The 2012 disagreement lasted months and President Obama even pleaded his case through a musical segment with late night talk show host Jimmy Fallon. Many lawmakers took to social media to try toappeal to younger voters. The result was a stalemate between lawmakers that was largely based on party lines. Proponents of the measure say tying interest rates to the economic market is fairer to college students, reducing risks of political uncertainty about future rates. Opponents of the measure criticize the law’s potential costs on college students in the future.

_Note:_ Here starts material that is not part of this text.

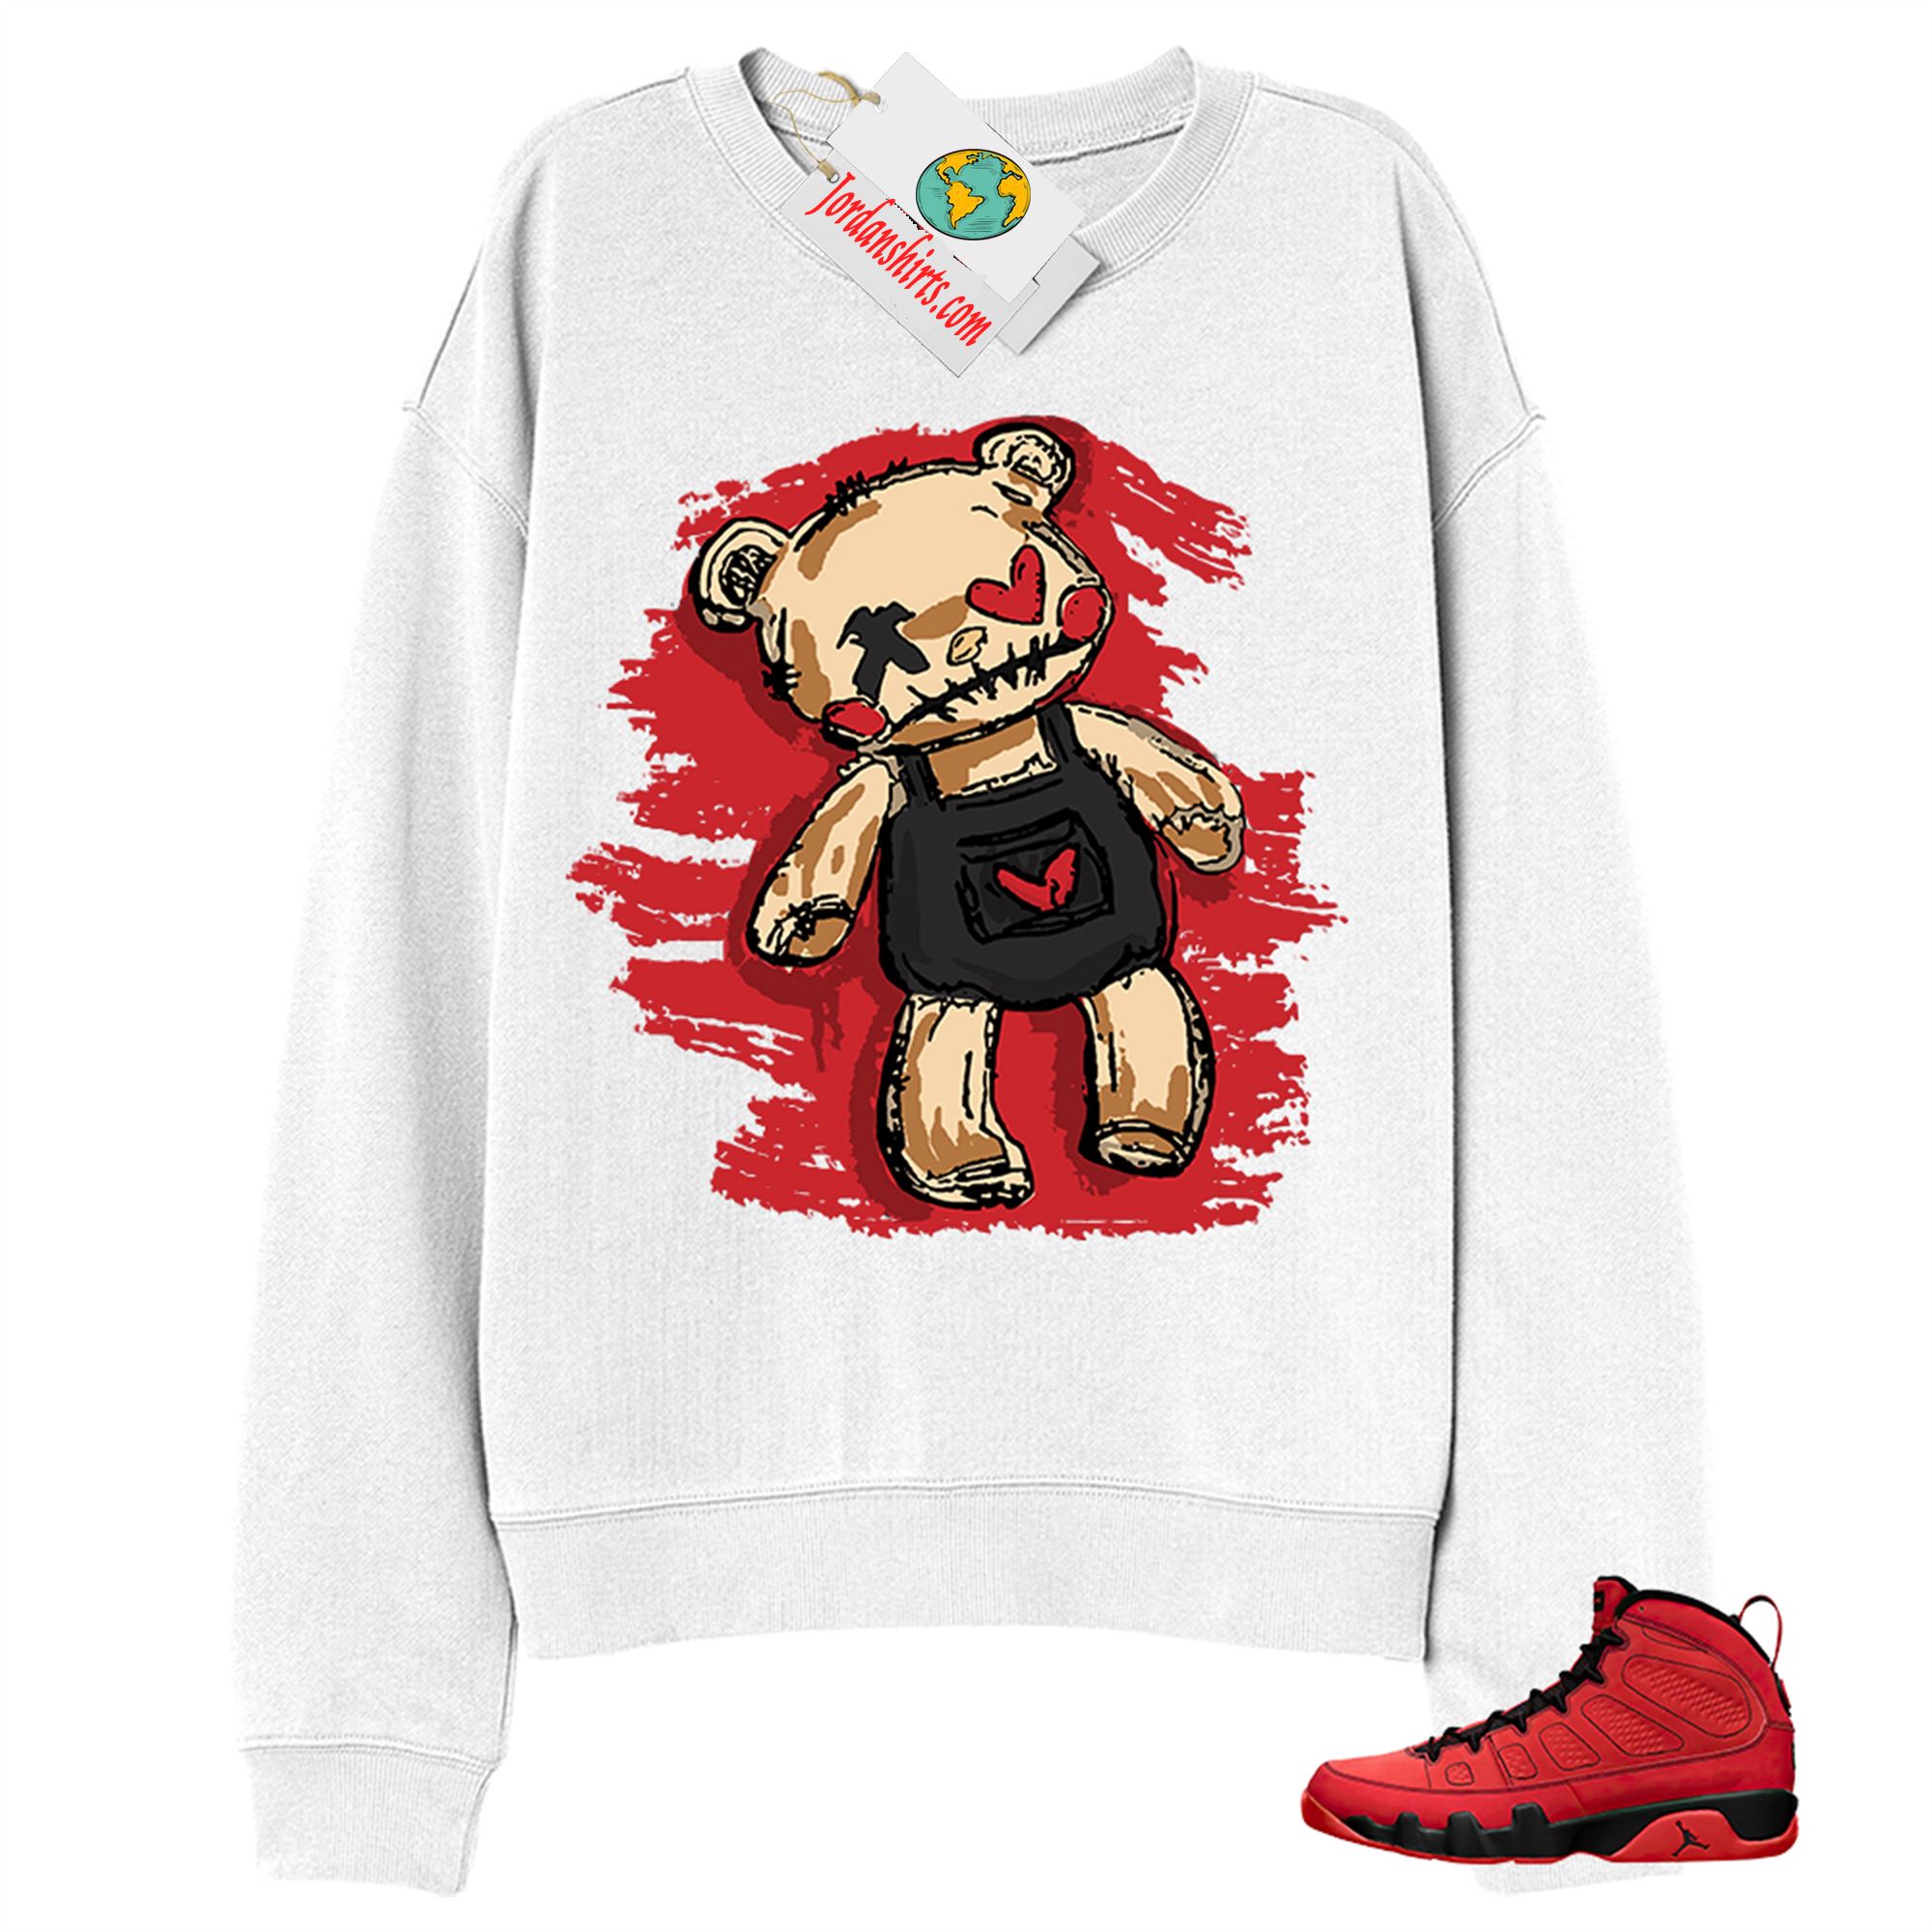 Jordan 9 Sweatshirt, Teddy Bear Broken Heart White Sweatshirt Air Jordan 9 Chile Red 9s Plus Size Up To 5xl

“This deal … provides shortterm benefits for current students by increasing long-term costs for future students,” president of the Institute for College Access and Success Lauren Asher said. “Over the next 10 years it is expected to cost borrowers $715 million more than if current rates were simply left in place.”     “The biggest issue is the principal amount of the loan, no matter the interest rate,” Casey said. “We encourage students to borrow as little as possible. I’m afraid many students aren’t aware of how much work it takes to repay their loans after graduation.”
Despite the changes, some students stay focused on long-term goals.
“I’m not going to worry about my loans right now,” Gomes said. “I’m just trying to graduate.”